Junto con colegas como Bad Gyal, La Zowi (Zoe Jeanneau, 26 parisina, hija de padre francés y madre española, residente en Barcelona) es una de las referencias del trap femenino en las españas. El trap, sí, ese estilo hedonista de música popular que junto con el reguetón pone de los nervios a muchos aficionados a la música. Descarada y algo infantil, La Zowi hace una reivindicación del feminismo por el camino de apropiarse del significante de las palabras que conforman los textos de los traperos masculinos, de su iconografía y de su puesta en escena. Para entendernos, si un blanco llama negro a un afroamericano le está insultando; pero es un afroamericano quien le llama negrata la ofensa cambia a un saludo entre colegas. Lo de Zowi (otra cosa es que funcione) va por ahí.

Por eso, vocablos como puta (o bitch, su equivalente en inglés) y pussy (en este caso evita la forma española para denominar a la vagina) son corrientes y redundantes en las letras de sus canciones y en sus llamadas al público. Obviamente, asuntos como el dinero, las droga y las insinuaciones sexuales («oye papi /tú dame eso /yo quiero que me lo hagas hasta que me quede en los huesos») también forman parte del imaginario de Zowi, al igual que en el de sus compañeros. Pero esa reafirmación feminista con el argumento «quitemos la exclusiva a los tíos» también se advierte en el escenario, donde las dos chicas que le acompañan juegan a comportarse como esas señoritas de lujo que conforman la iconografía de los vídeos de los raperos machos, muy machos: ropa ajustadísima, movimientos de trasero buscando guerra, algún pecho al aire, falsos entretenimientos lésbicos...

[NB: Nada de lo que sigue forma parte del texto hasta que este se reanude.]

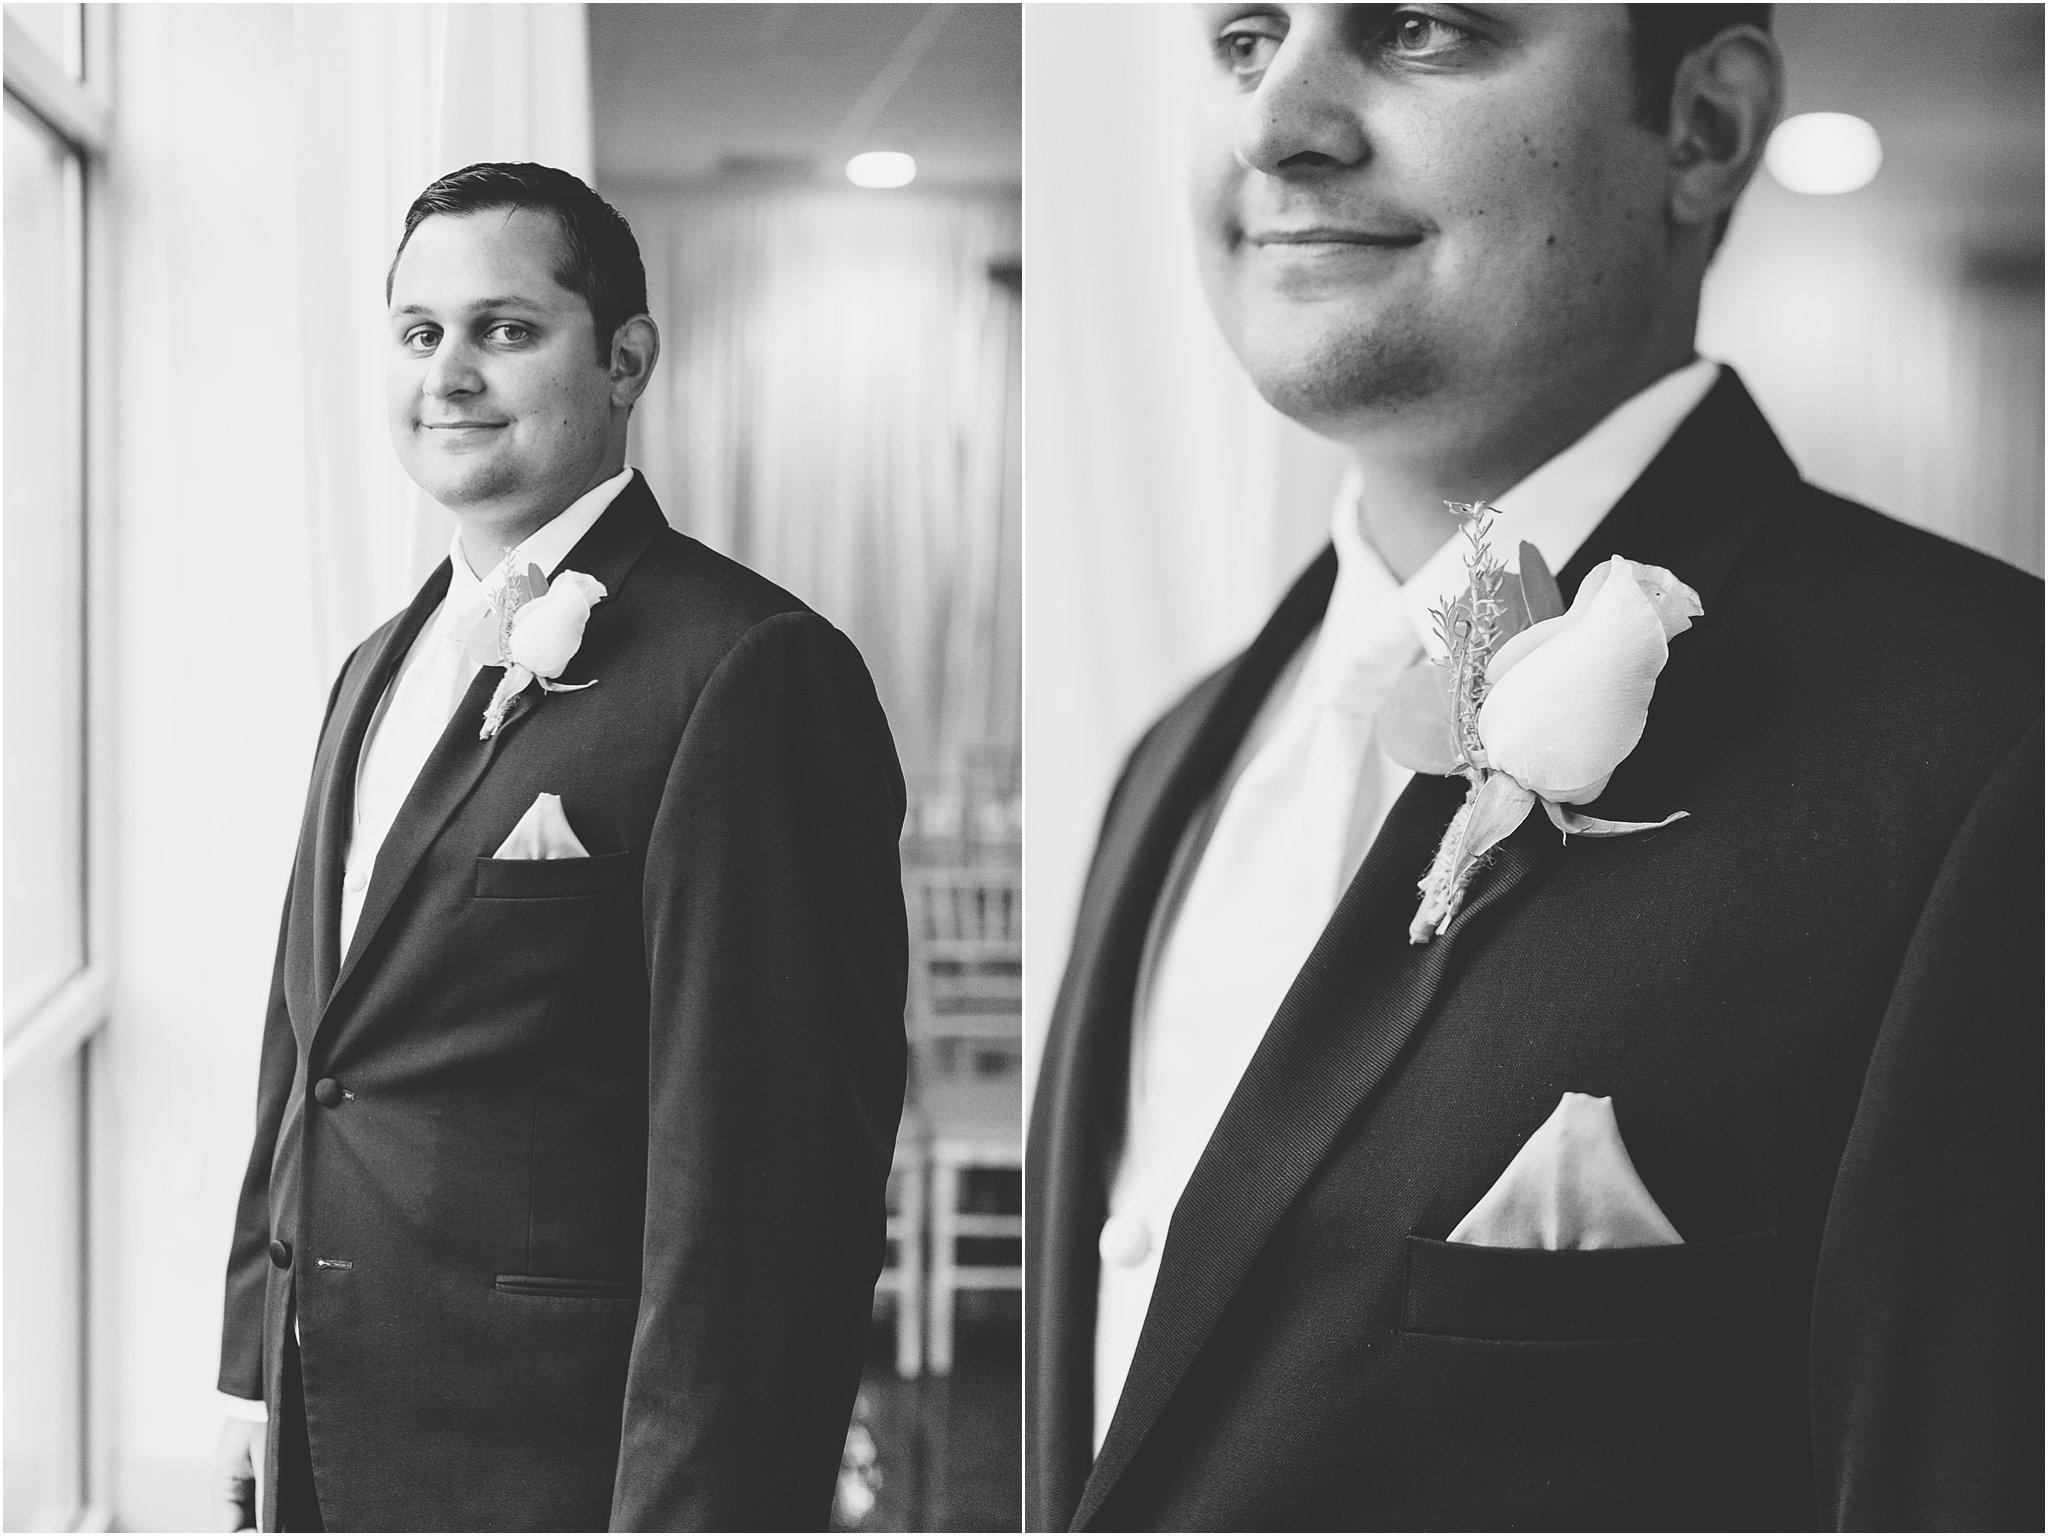 jessica_ryan_photography_virginia_wedding_photographer_wedding_hurricane_norfolk_botanical_gardens_hurricane_matthew_wedding_3572

Pero tengo dudas de que todo eso sea de veras feminismo a la inversa, pues en ocasiones, más que una autoafirmación dando la vuelta a los códigos masculinos parece que solo es un divertimento en el que canciones y gestos se desvanecen como el humo una vez terminado el concierto. Esta sensación se refuerza viendo la actitud del público, jovencísimo, en el que, más allá de haber calado la manera de vestir (en ellas, claro) y la gracia de decir «¿Qué pasa, putas?» en vez de «¿Qué hay, colegas?» no se mostró especialmente concienciado. Ni entusiasmado con las canciones, por otra parte, tautológicas en su contenido, discretas en lo musical y faltas de brío en su interpretación (La Zowie, acompañada por un DJ, lleva las letras grabadas y cuando le apetece las dobla en directo). Súmese a eso que la actuación que dio en Las Armas no pasó de media hora (los espectadores pagaron 0.33 euros por minuto, pero no se protestó ni se pidieron bises).

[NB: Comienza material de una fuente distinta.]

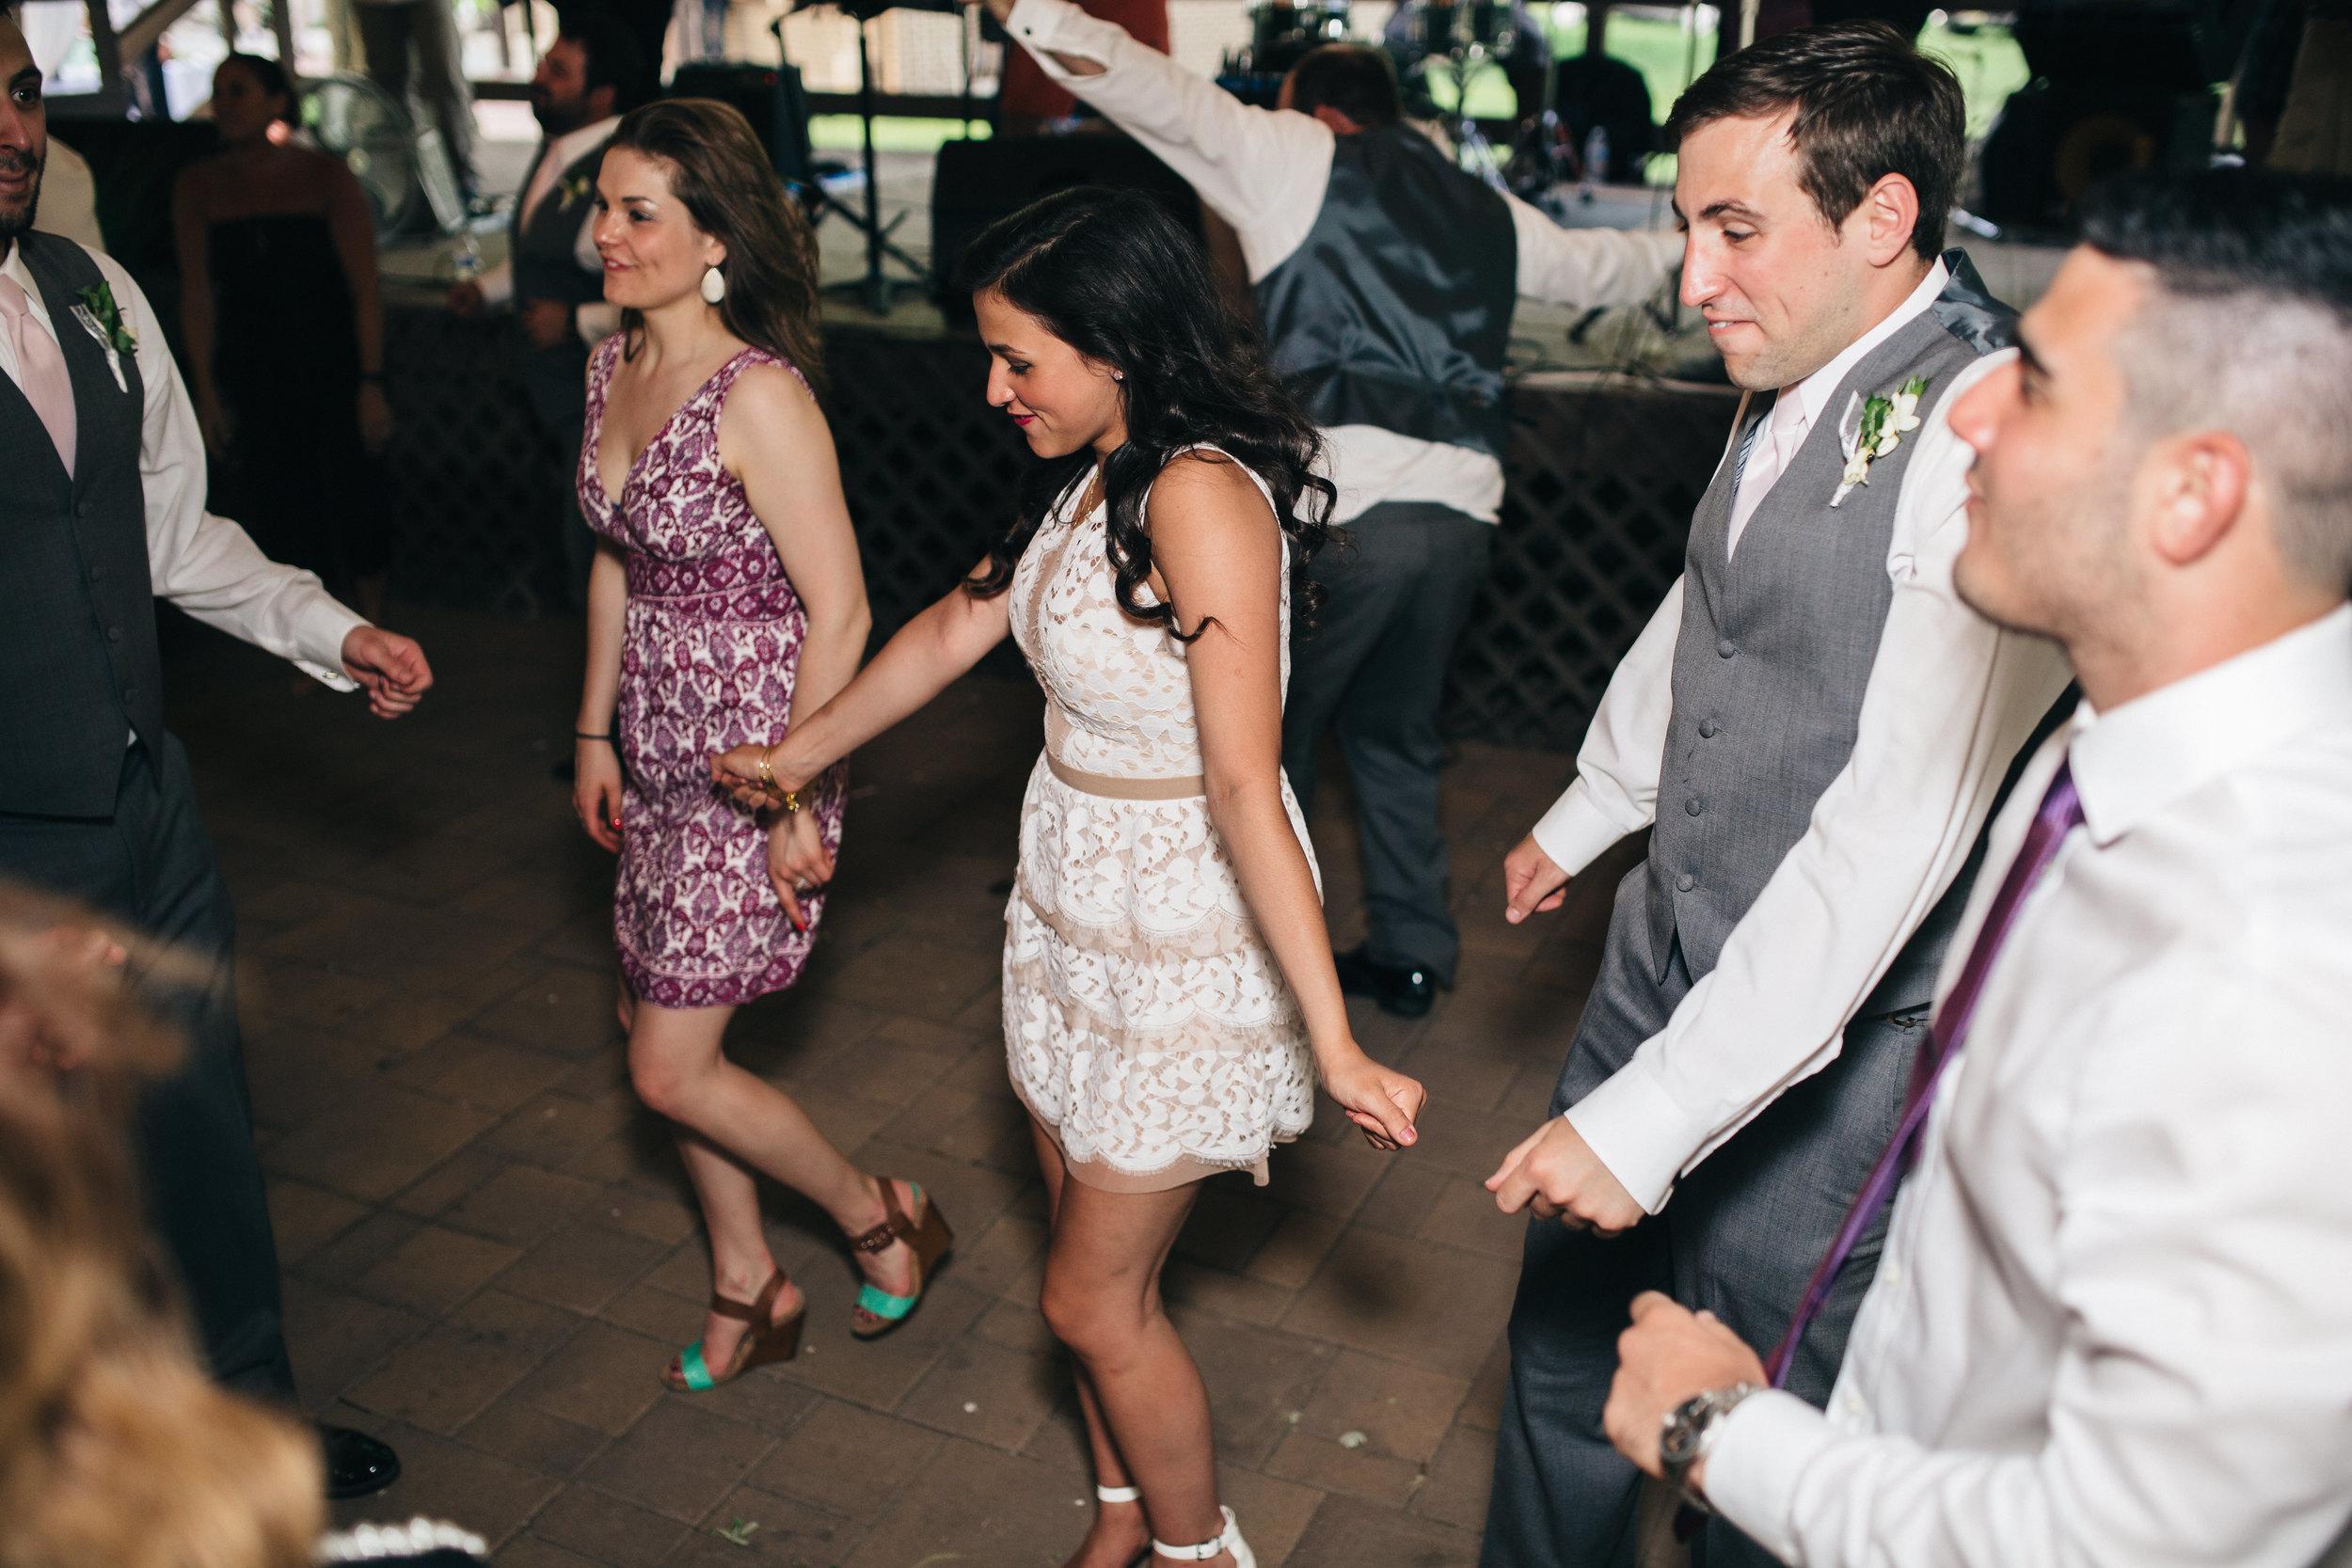 Wedding guests dancing to wedding band at reception.

En fin, que así están algunas cosas en el negocio. Seguidor de muchas músicas como soy, no se me ocurre demonizar el trap ni el reguetón, formas que me proporcionan algunos momentos de asueto. Pero conviene reflexionar de vez en cuando sobre sus artistas, sus formas y sus contenidos. De ahí que el miniconcierto de La Zowi en Las Armas fuese, más que otra cosa, un minimaster en sociología musical (del tamaño del de Casado y así, vaya).